La pluie tombe. Brutale. Généreuse. Elle frappe le sol de Sotouboua comme une bénédiction liquide, enveloppant la ville d’un voile d’eau translucide. Le ciel, gris-anthracite, crache ses torrents sans répit. Les toits de tôle ondulée vibrent sous l’assaut des gouttes. Un hymne primal.
Le vent se mêle à la danse. Fort, mais sage. Il arrache les feuilles mortes, plie les branches des manguiers, mais épargne les toitures. Son souffle frais mord les visages, chasse les rires, disperse les préparatifs de fête. Sur les chemins, les habitants reculent, courbés, vers leurs cases. La terre a soif. Elle boit goulûment, transformant les ruelles en ruisseaux éphémères.

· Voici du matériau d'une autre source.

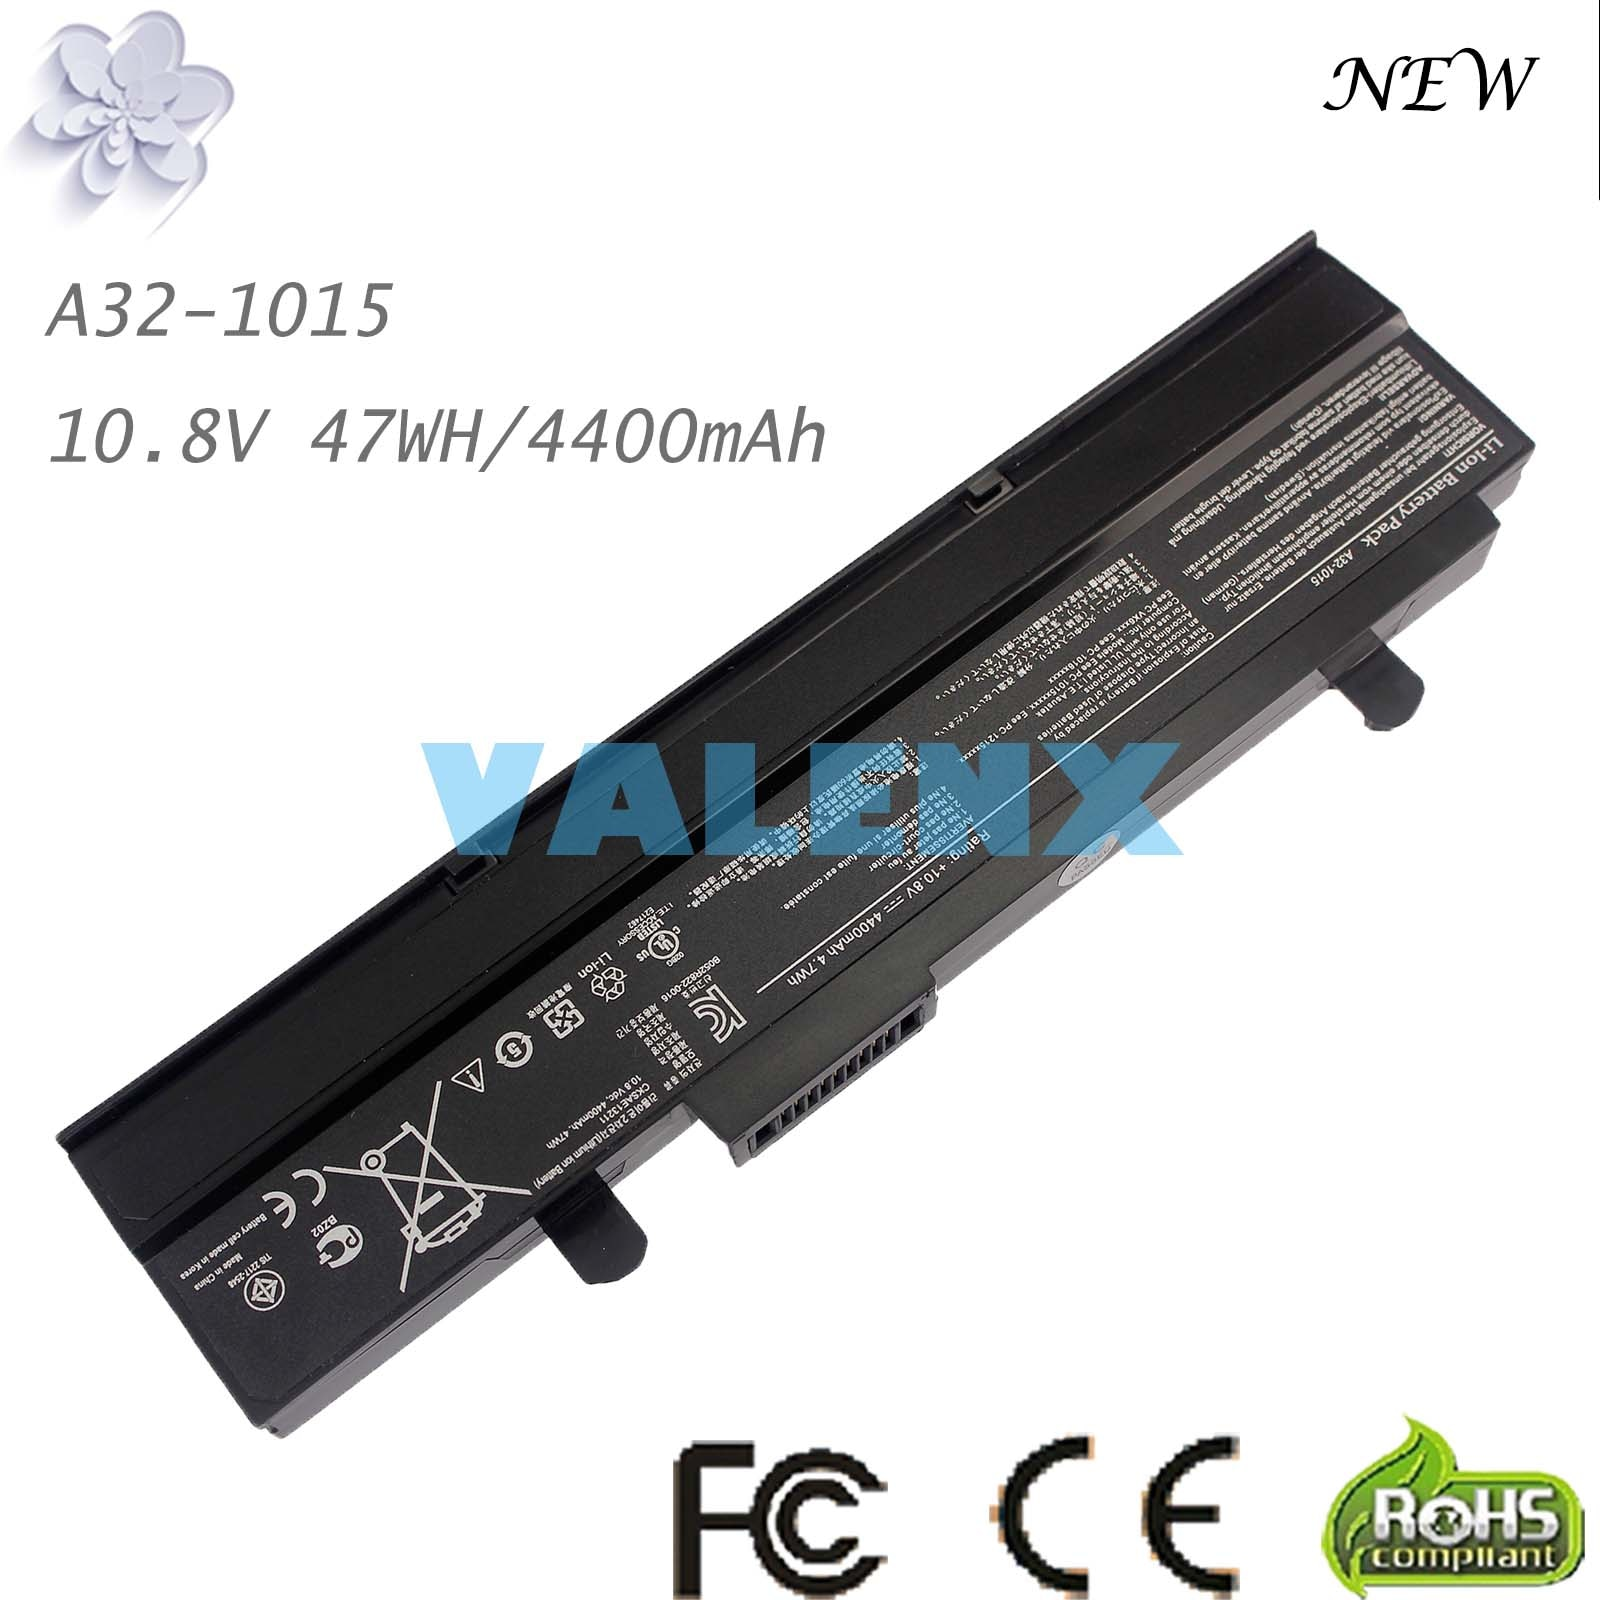 Batería del ordenador portátil para Asus Eee PC EPC 1215 PC 1215B 1215N 1015b 1015 1015bx 1015x1015 p A31-1015 A32-1015 AL31-1015

La rue principale est fantôme. Plus de marchands ambulants. Plus de motos zigzaguantes. Plus de chèvres effrontées. Seule l’eau règne, cascadant des gouttières crevées, charriant des brindilles, des pétales de flamboyants. Un calme sacré s’installe, troublé seulement par le crépitement infini de l’averse.
À l’horizon, les collines verdoyantes disparaissent derrière un rideau de brume. Les champs de manioc, les maïs encore jeunes, s’abreuvent avec gratitude. Pour les travailleurs, murmure la pluie. Pour ceux qui suent, qui sèment, qui luttent.Ce 1ᵉʳ mai, aucun drapeau ne flotte ce matin. Aucun chant ne s’élève. La nature seule célèbre l’effort des hommes, lavant la poussière des fatigues passées.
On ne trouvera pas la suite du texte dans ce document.